En 2018 à Dallas (Texas). (Loren Elliott/AFP)
publié le 17 juin 2021 à 19h31

Porter son arme dans les lieux publics, et ce sans permis : à partir du 1er septembre, ce sera désormais possible dans l’Etat du Texas pour toutes les personnes de plus de 21 ans. La «House Bill 1927», qui met fin à l’obligation d’obtenir un permis pour porter une arme de poing, vient d’être signée, mercredi, par le gouverneur républicain de l’Etat du sud, Greg Abbott. Participer à une formation, passer un test d’aptitude, présenter ses antécédents et ses empreintes digitales ne seront plus nécessaires. Selon la version finale de la loi, adoptée le 25 mai au sein du Capitole texan largement dominé par les républicains, seul un cours en ligne sera disponible sur un site gouvernemental. Une étape supplémentaire dans la libéralisation de la loi texane en matière d’armes à feu, amorcée depuis plusieurs dizaines d’années.

Port «constitutionnel»

Le «Deuxième amendement de la Constitution des Etats-Unis protège le droit de porter […] des armes», et «d’utiliser [une] arme à feu à des fins traditionnellement licites telles que la défense de son domicile», explique le texte de loi. Par conséquent, aucun obstacle ne devrait empêcher tout citoyen majeur de porter son arme à feu. Hormis les personnes interdites après une condamnation judiciaire ou présentant des antécédents psychiatriques. Mais sans qu’il soit désormais possible d’en contrôler leur accès en amont.

Le gouverneur Greg Abbott s’était prononcé en faveur du texte dès fin avril, défendant le port «constitutionnel» («constitutional carry») utilisé par les proarmes en référence au Deuxième amendement.
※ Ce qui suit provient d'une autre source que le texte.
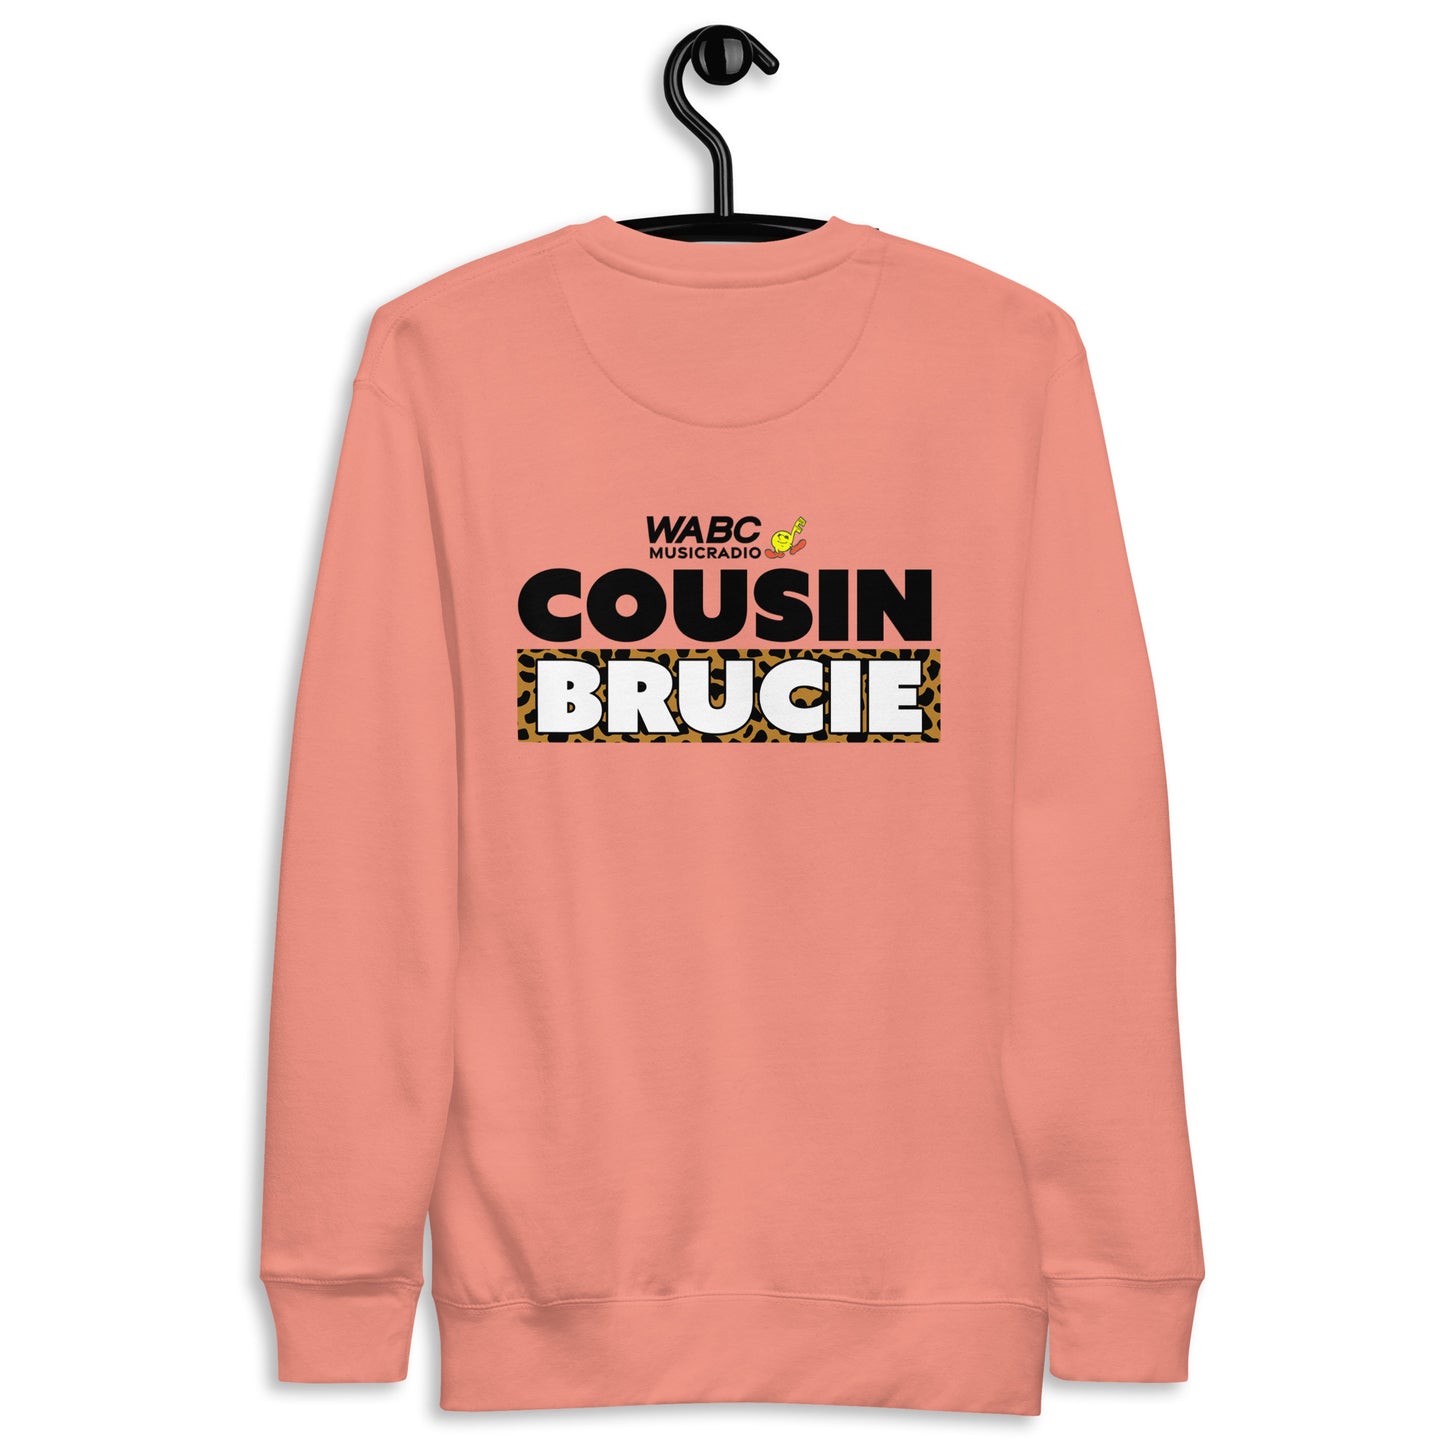 Cousin crew Unisex Premium Sweatshirt

Mais près de deux ans après la fusillade qui avait provoqué la mort de 20 personnes aux abords d’un supermarché d’El Paso, le gouvernement «fait le choix d’abandonner les victimes de la violence armée», a réagi l’élue démocrate à la Chambre basse texane Veronica Escobar. «Malgré le soutien massif en faveur d’une législation sur la prévention de la violence armée, les républicains, menés par un gouverneur lâche, sont plus intéressés par ramper pour attirer l’attention du lobby des armes que de prévenir la violence par arme à feu.»

34 % des Texans soutiennent la loi

L’agenda législatif, poussé par la frange la plus conservatrice de la majorité républicaine, apparaît en effet peu en phase avec les préoccupations de l’opinion publique, analyse le professeur James Henson à l’université du Texas. Selon un sondage du Texas Politics Project, dirigé par le chercheur et publié en mai, seuls 20 % des Texans sont favorables à un allègement de la législation en matière d’armes à feu, et 34 % soutenaient la fin du permis (56 % des républicains, 10 % des démocrates).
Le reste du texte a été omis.